= Warrensburg-Latham Community Unit School District 11 =

School district in Illinois, United States

Warrensburg-Latham Community Unit District 11 is a school district encompassing the villages of Warrensburg, Latham, parts of northwest Decatur, and parts of Forsyth, all in Illinois, and much of the surrounding countryside.

Most of the district is in Macon County, while parts extend into Logan County.

Warrensburg School and Latham School were separated schools. Latham's (defunct) mascot was the Rabbits. Warrensburg's elementary and middle school was formerly known as the Warrensburg Rebels and continued to be the Rebels after the merger of Warrensburg and Latham until 1995, due to racial issues with the confederate flag, the mascot was changed to the Cardinals after a vote of the student body. The Warrensburg High school (defunct) has always been the Cardinals, before and after the merger.

Both the Elementary/Middle School and the high school are located on the same plot of land on the northwest edge of Warrensburg.
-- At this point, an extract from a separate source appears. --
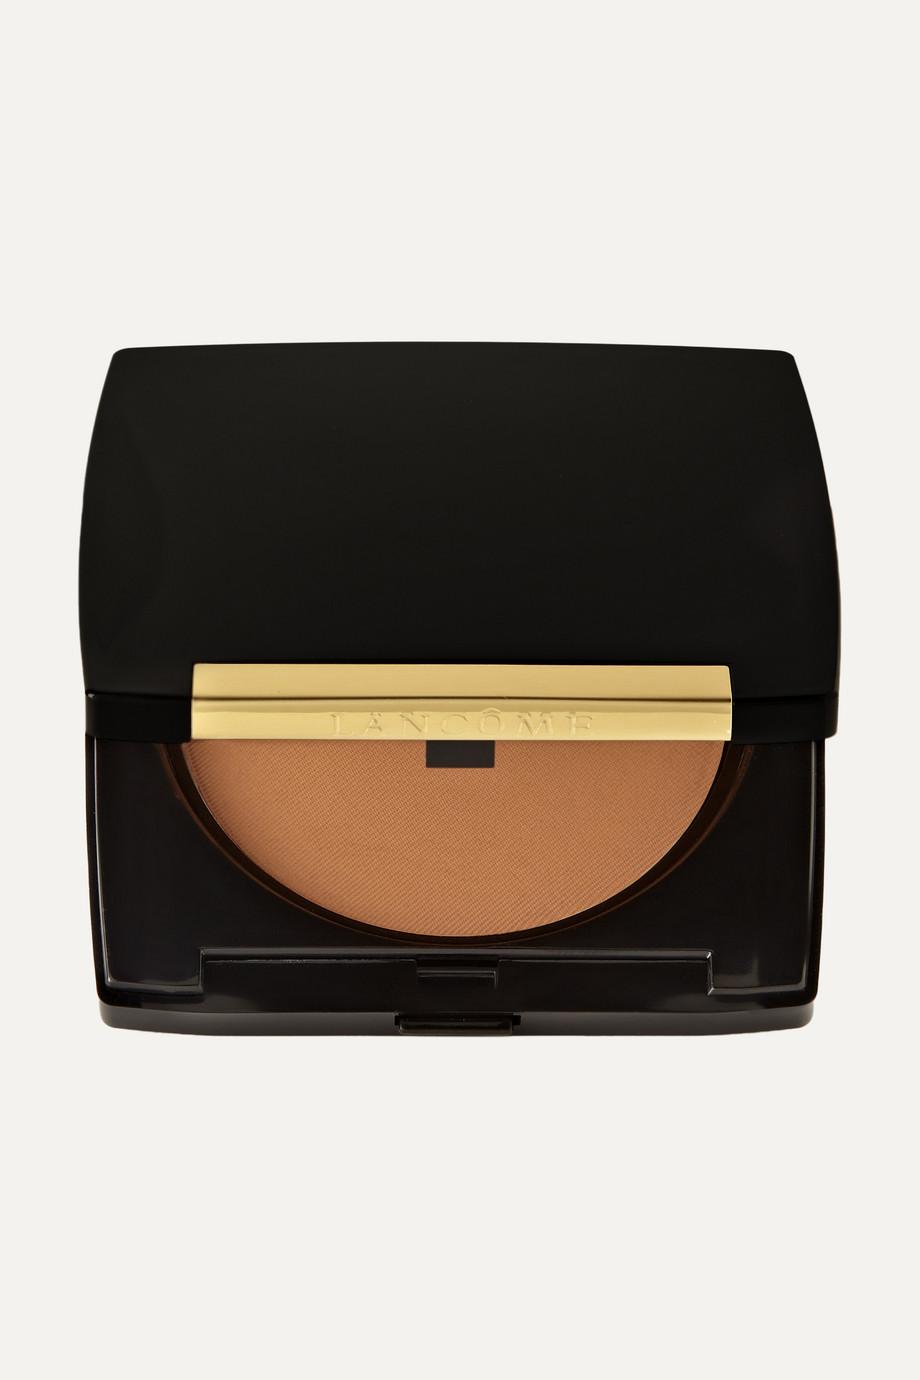 Lancôme Dual Finish Versatile Powder Makeup - Suede 510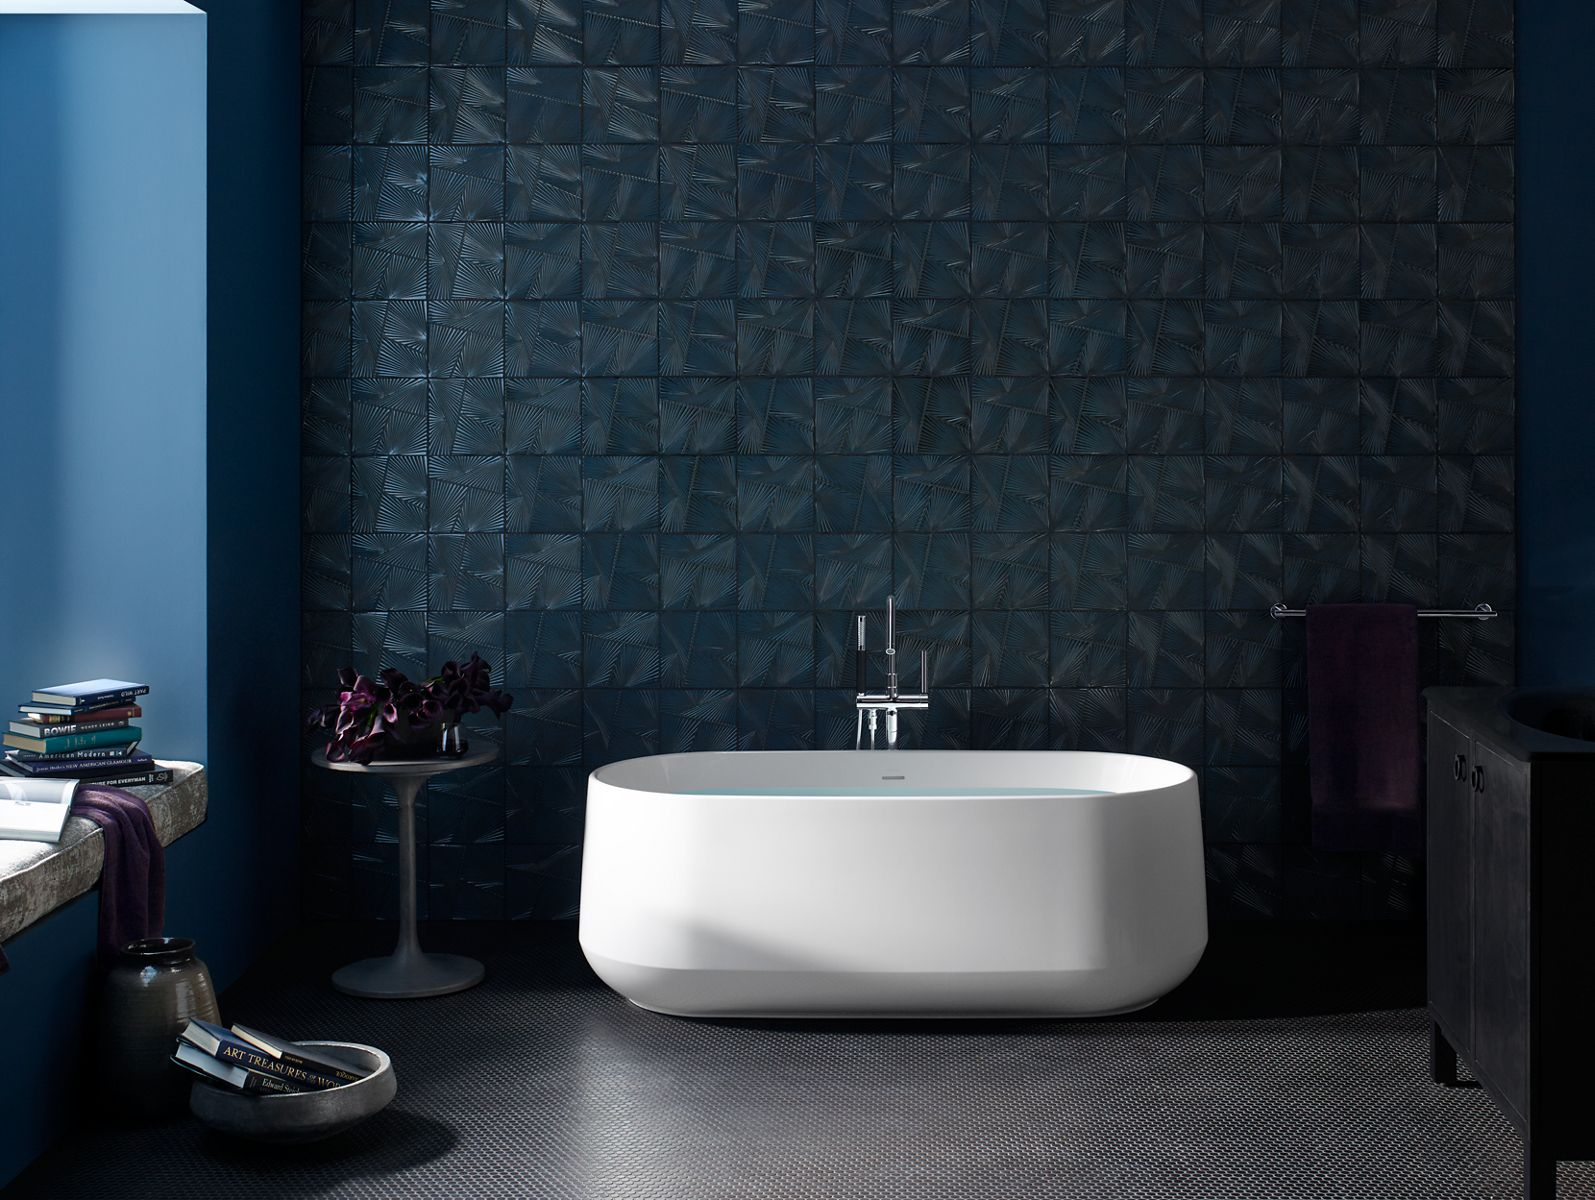 Kohler\'s New Freestanding Baths Nod to Brand\'s History Through ...

Their mascot is the Cardinal.

Famous alumni include Stephen Mason (guitarist with Jars of Clay), Hall of Fame jockey John L. Rotz (rider of the winners of two Triple Crown races, the 1962 Preakness Stakes on the horse Greek Money, and 1970 Belmont Stakes on the colt, High Echelon).

Warrensburg and Latham are both situated on Illinois Route 121 northwest of Decatur.